Buenos días, Buenos Feeds.

Buenos días, Buenos Feeds.

¡Muy buenas! Hoy estoy contenta porque inauguro una nueva sección en el blog. Se llama ‘Diario de una Community Manager’ y englobará una serie de artículos cuya misión consiste en explicar de qué va esa profesión de nombre raro que se ha puesto tan de moda últimamente. No sólo eso. Voy a contar qué herramientas uso para hacer de mi trabajo algo más fácil, fluido y productivo. Voy a hablar de cómo me organizo, de dónde encuentro ideas, cómo las materializo, qué tipo de problemas me surgen, cuáles son sus soluciones, etc.

La cosa va mucho más allá de aquello que un cliente me dijo un día y me sentó tan mal:

¿Qué tardas en poner cuatro ‘pollaicas’ en Facebook al día?

Lo prometo. Hago mucho más que eso y los artículos que se incluyan en la nueva sección piensan demostrarlo. De hecho, el primero de ellos, el que publico hoy, habla sólo de la primera hora de uno de los días más normales de mi vida. ¿Qué hago antes de que el reloj marque las nueve de la mañana?

Puesta en marcha

black coffee

El despertador suena a las 7.45 horas. Es entonces cuando cuerpo y mente se ponen de acuerdo para decir: “Si no hay café, no haremos nada”. Clic al botoncito de la Nespresso y acto seguido, al señor don Mac. Eso, si hubiera decidido darle la noche anterior libre. Muchas veces, ni eso. Lo dejo descargando o haciendo cualquier cosa que no requiera mi constante atención.

La canción que, aún dormida, elijo para empezar el día, marca el ritmo del mismo. Siempre. Aunque sea una decisión que, la mayoría de las veces, tome de manera totalmente inconsciente. Hoy, por ejemplo, ha sido ‘Nada Mejor’ de Capaz y Elphomega. Me da buen rollo. Tiene el sonido de la mañana y olor a café y pan caliente con cierto regustillo a donut dulce.

Puesta al día

rss

Antes de que Google pulsara el gatillo para matar a Reader, el gestor de feeds o RSS (siglas de “resumen enriquecido” o “difusión mazo fácil”) era mi forma de romper el hielo y  ponerme al día siguiendo, en tiempo más o menos real, los contenidos a los que estoy suscrita: titulares, alertas, nuevos artículos publicados en los blogs que más me interesan… Era una herramienta perfecta para organizar esa monstruosa cantidad de contenido que nos llega cada día a través de la red de redes. Ahora uso otra, creada especialmente para los nostálgicos de la difunta, que se llama The Old Reader y por cierto, me va de lujo.

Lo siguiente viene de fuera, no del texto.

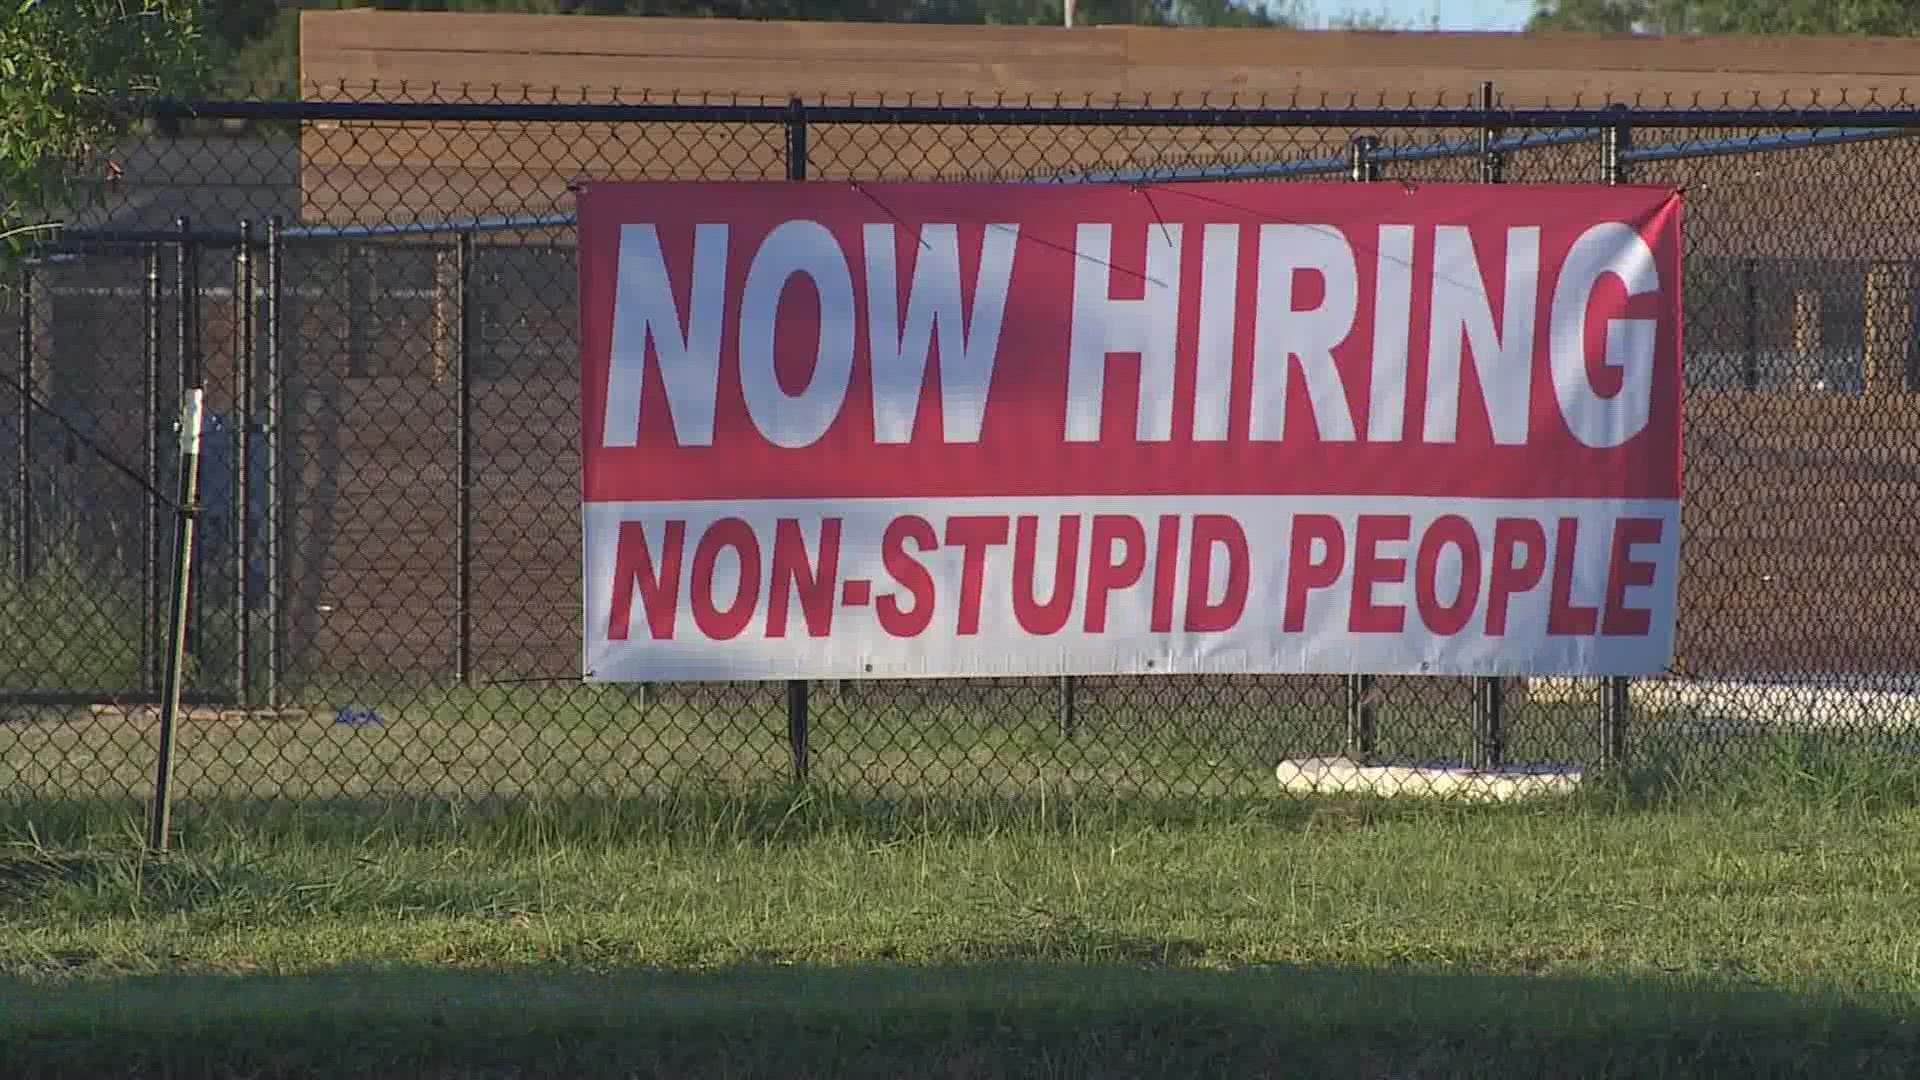 The owner of Pets Gone Wild Resort put up a hiring sign that is causing a mixed reaction in the community.

No puedo estar más de acuerdo con la revista GQ cuando dice que

Reader no sólo era una forma de clasificar titulares, noticias e información, sino el punto de encuentro de la gente guay de Internet. Sus capacidades sociales de compartir enlaces de interés con los colegas fueron el primer Twitter, algo más incluso: una herramienta de trabajo y una plataforma social útil en la misma aplicación. El hecho de que el común de los mortales desconociese por completo la existencia de los RSS le daba, de paso, un aire cool: Reader era la barba, los vinilos y las gafas de pasta del Internet presocial.

En este sentido, The Old Reader tiene muchos menos usuarios que Reader en su momento por lo que, aunque va genial para almacenar las noticias y actualizaciones que nos interesa seguir, el hecho de compartirlo y comentarlo con las masas es aún la asignatura pendiente de la nueva aplicación.

En la primera toma de contacto con el mundo exterior, selecciono y organizo qué noticias, imágenes y links voy a compartir hoy en cada una de las cuentas que hay bajo mi responsabilidad. Lo de la primera hora de la mañana es simplemente una criba. Intento mirar las RSS, al menos, tres veces al día. La segunda es después de comer. Vuelvo a usar esta actividad para incorporarme, de la forma menos brusca posible, a mis obligaciones laborales. La tercera, que reconozco que no siempre la hago, suele ser a última hora de la tarde/noche. Por si lanzan algo relevante o para hacerme una idea de la dirección que tomarán los tiros al día siguiente. A menudo, acabo mi jornada laboral de madrugada, con los ojos como las brótolas y la cabeza saturada. A menudo, cuando llego a ese extremo, me obligo a apagar todas las pantallas que haya en mi espacio vital.

Puesta en orden

Ya tengo una idea del tipo de contenido que voy a publicar hoy. Mentalmente, lo he ido ordenando en mi cabeza, asignando cada tema a los diferentes negocios cuya imagen virtual es sólo y exclusivamente mi problema.

Evernote es la herramienta que me permite ordenar todo el material que, previamente, me ha brindado mi gestor de RSS. Es una aplicación que sirve para organizar la información personal mediante el archivo de notas. Te la puedes descargar e instalarla en Windows o Mac y también está disponible en una versión web (online) que se adapta además, a las principales plataformas móviles.  Notas, fotos, archivos, audio y páginas web guardadas en cualquiera de las versiones de Evernote se sincronizan automáticamente de modo que, teniendo conexión a internet podremos acceder a ellas en cualquier momento, a través del dispositivo que más nos convenga (ordenador, teléfono, tableta…)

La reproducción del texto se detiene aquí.